🗓️ Abril, 2026
En el marco de su postulación como Patrimonio de la Humanidad ante la UNESCO, investigaciones profundizan en el valor arqueológico de los geoglifos de Pintados, situándolos dentro de redes de movilidad e interacción prehispánica.
Geoglifos de Pintados. Crédito: Gerhard Hüdepohl.
Dr. Lautaro Núñez y equipo de arqueólogos registrando fogón prehispánico. Al fondo, geoglifos de Pintados. Fotografía gentileza Calogero Santoro.
En el festival Puerto de Ideas Antofagasta y en una segunda charla realizada en el Auditorio Andrés Sabella de la Universidad Católica del Norte, organizada por la Dirección de Vinculación con el Medio, especialistas abordaron el valor histórico, científico y patrimonial de los geoglifos de Pintados, uno de los conjuntos arqueológicos más relevantes del norte de Chile que se postulan como Patrimonio de la Humanidad UNESCO.
Caravanas
Entre los expositores, el académico y arqueólogo del Instituto de Investigaciones Arqueológicas y Museo (IIAM-UCN), Dr. Lautaro Núñez, presentó avances que han permitido replantear la comprensión de estos sitios. “Hoy ya no basta con mirar los geoglifos. Lo que nos interesa es entender quiénes pasaron frente a ellos y qué hicieron allí”, explicó, enfatizando un cambio de enfoque que ha llevado la investigación hacia los espacios circundantes.
Esto ha permitido identificar campamentos asociados a antiguas rutas caravaneras que atravesaban el desierto, donde grupos humanos transportaban bienes entre los oasis interiores y la costa. A partir de excavaciones arqueológicas, el equipo ha documentado fogones, fragmentos cerámicos, herramientas líticas y restos minerales, evidenciando una intensa actividad en estos puntos de tránsito.
Uno de los hallazgos más significativos corresponde a los llamados “fosos de ofrenda”, donde se han encontrado restos de maíz, espinas de pescado, y vainas de pacay, árbol considerado protector y con rol espiritual. Según Núñez, estas prácticas reflejan una dimensión simbólica del tránsito por el desierto.
“Las caravanas no solo circulaban, sino que realizaban actos rituales.
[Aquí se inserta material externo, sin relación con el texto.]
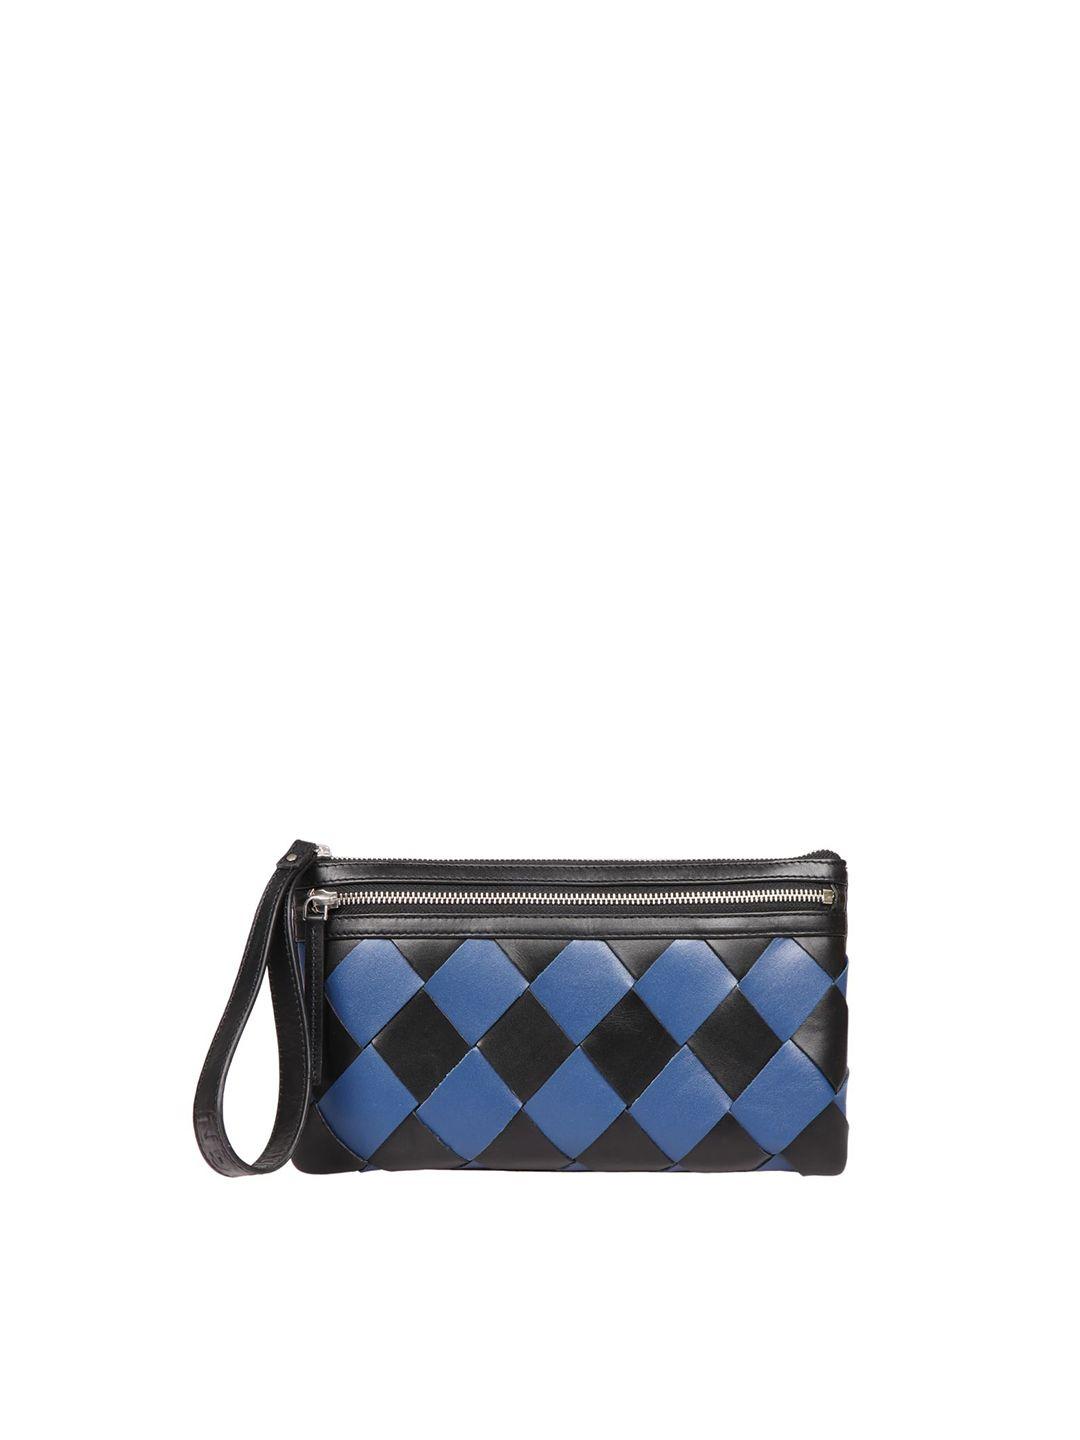 hidesign women colourblocked purse clutch

Hay una reiteración de ofrendas que sugiere la existencia de un sentido ceremonial asociado al viaje y al intercambio”, indicó el investigador.
Las investigaciones también han permitido establecer una relación directa entre los geoglifos y estas rutas, evidenciando que su ubicación responde a condiciones específicas del paisaje, como la disponibilidad de agua y espacios aptos para el asentamiento temporal.
De izquierda a derecha: Wendoline Yáñez, directora ejecutiva de la Fundación Geoglifos de Tarapacá, Dra. María Cecilia Hernández, Rectora UCN, Dr. Lautaro Núñez, Paola Cornejo, Directora General de Vinculación con el Medio (UCN), Dr. Calogero Santoro, Universidad de Tarapacá.
Lautaro Núñez durante conferencia en Puerto de Ideas Antofagasta.
Significados por descubrir
Desde una perspectiva complementaria, el académico de la Universidad de Tarapacá, Calogero Santoro, destacó que estos fenómenos deben entenderse en un contexto más amplio de ocupación humana del desierto y de construcción de significados.
“Podemos identificar las formas representadas en los geoglifos, pero eso no significa que comprendamos su significado. Lo que sí podemos estudiar es el contexto cultural en el que fueron creados”, explicó, subrayando los límites y alcances de la interpretación arqueológica.
Santoro agregó que la presencia de geoglifos se vincula a procesos mayores, como la domesticación del paisaje, el desarrollo de la agricultura y el uso de caravanas de llamas para el intercambio entre distintos pisos ecológicos, configurando una red de relaciones que se expresa tanto en el territorio como en estas representaciones.
Postulación a la UNESCO
Por su parte, Wendoline Yáñez, directora ejecutiva de la Fundación Geoglifos de Tarapacá, relevó la importancia de la postulación de Pintados como Patrimonio de la Humanidad ante la UNESCO, enfatizando su fragilidad y valor universal.
“Este es un patrimonio muy frágil. Es un museo a cielo abierto, y su protección no depende solo de medidas físicas, sino también de la conciencia y la educación de las comunidades”, señaló.
Estas actividades de difusión permitieron acercar estos avances al público, destacando el rol de la investigación científica en la comprensión y protección del patrimonio del desierto de Atacama.
Los geoglifos de Pintados se proyectan no solo como vestigios del pasado, sino como parte de una red compleja de relaciones sociales, económicas y simbólicas, cuya investigación continúa abriendo nuevas preguntas sobre las formas de habitar y significar el territorio en tiempos prehispánicos.